Curriculum / Semester 1 / Core Curriculum / Month 2: Vary

Month 2: Vary

Month 2: Vary

Monthly question: Can I change one dimension at a time without losing groove, form, or purpose?

What variation means in Month 2: Variation is not randomness. It is the deliberate choice to change one element — rhythm placement, register, density, role — while keeping everything else stable. You introduce a new groove while the form stays solid. You change your harmonic texture while your time stays locked.

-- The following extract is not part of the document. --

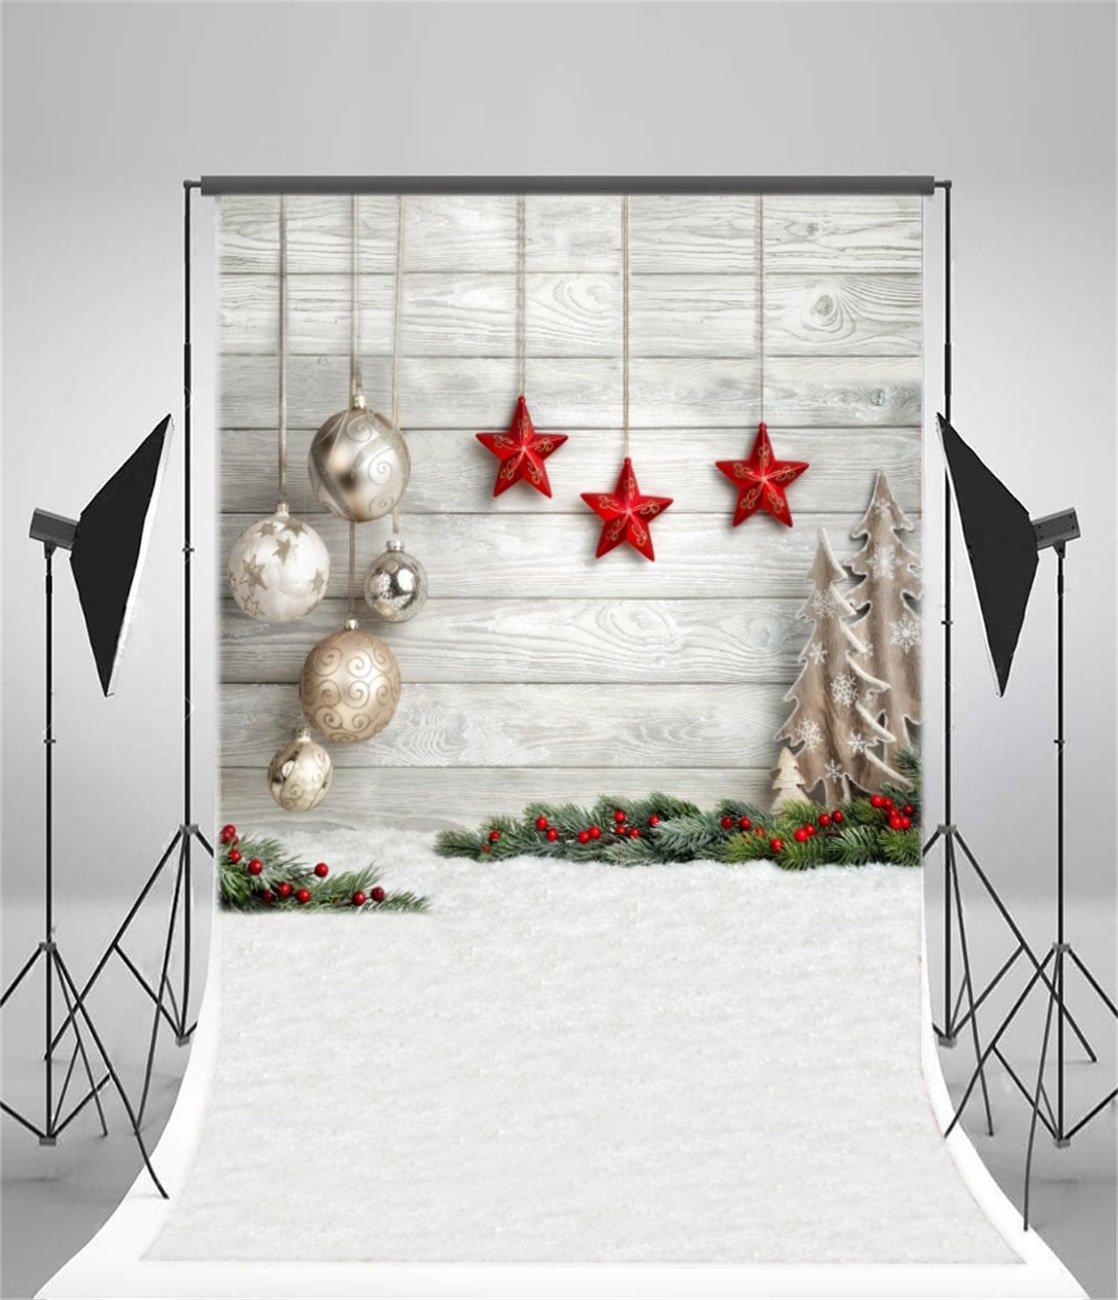 Amazon.com : AOFOTO 5x7ft Christmas Backdrop Xmas Tree Balls Star ...

The risk to manage: Variation without a stable foundation is destabilization. Before varying anything in Month 2, verify that the thing you are varying is actually stable from Month 1. If your time is unstable, fix the time before varying the harmony. If the form is uncertain, deepen form awareness before exploring fills.

Month 2 systems focus:

SystemMonth 2 Principle
PDCChoose role: support, answer, color, or lay out
Blues RootTension and release — lean into and away from the tonic
Rhythm CellsPlacement: move the same cell to different positions in the bar
RXPAnticipation and stops — phrase punctuation
TPSFunctional placement — which triad fits which chord in the form
SHAPEMotif development — same seed, varied rhythm
CAS-ARCMulti-chorus route: chorus 1 stable, chorus 2 varied, chorus 3 resolved

Month 2 listening focus:

  • Blue Monk anchor song: Thelonious Monk (multiple versions recommended)
  • Funk groove study: James Brown "I Got You (I Feel Good)" OR Sly Stone "Thank You" — choose one, study it in depth
  • Miles Davis — Freddie Freeloader (Kind of Blue, 1959): blues form in jazz context, rhythm section interaction


Month 2: Vary (Weeks 5–8)

Week 5: Role Awareness and Tension/Release

Focus: Choose a musical role per chorus — support, answer, color, or lay out — and execute it with commitment. Introduce tension and release as structural forces.

What to practice:

  • Play one complete chorus in pure support mode — no fills, no melody, only texture
  • Play the same chorus in answer mode — leave space after each phrase and respond to it
  • Identify in the anchor song (Blue Monk) where tension accumulates and where it releases

Deliverable: Two versions of the same 12-bar chorus: one in support role, one in answer role. The roles should sound noticeably different.

Week 6: Placement, Anticipation, and Stops

Focus: Move a rhythm cell without losing form. Practice the upbeat anticipation (playing just before the beat rather than on it) and the stop (silence where a beat was expected).

What to practice:

  • Play your basic rhythm cell — then shift it one eighth note earlier (anticipation)
  • Practice the stop: play up to beat 3, stop, resume on beat 1 of the next bar
  • Stay in the 12-bar form through all of these manipulations

Deliverable: The same rhythm cell played three ways in three separate recordings: on the beat, anticipated, and with a stop.

Week 7: Functional Triad Placement and Motif Development

Focus: Use triads relative to their function in the form (not just as block chord shapes). Develop one motif rather than wandering — return to the same seed, but vary its rhythm.

What to practice:

  • Over the IV chord, use the IV major triad as support — feel how it differs from the I chord support
  • Take one two-note or three-note motif from Week 4 and play it in three rhythmic variations: as written, twice as slow, and with the notes reordered
  • Map the four-bar phrase as a musical sentence: beginning, development, landing

Deliverable: A four-bar motif development over a blues phrase — same seed, three rhythmic variations.

Week 8: Month 2 Integration — Multi-Chorus Route

Focus: Build a complete multi-chorus performance with a deliberate energy route. Map what changes from chorus to chorus — not randomly, but with a specific intention.

What to practice:

  • Map three choruses on paper before playing: chorus 1 (stable support), chorus 2 (varied role), chorus 3 (developed motif with clear landing)
  • Record the full three-chorus arc in one take
  • Listen back and evaluate: does the route feel purposeful? Can you hear the intention?

Deliverable: A two- or three-chorus recording with a clear energy route mapped in advance.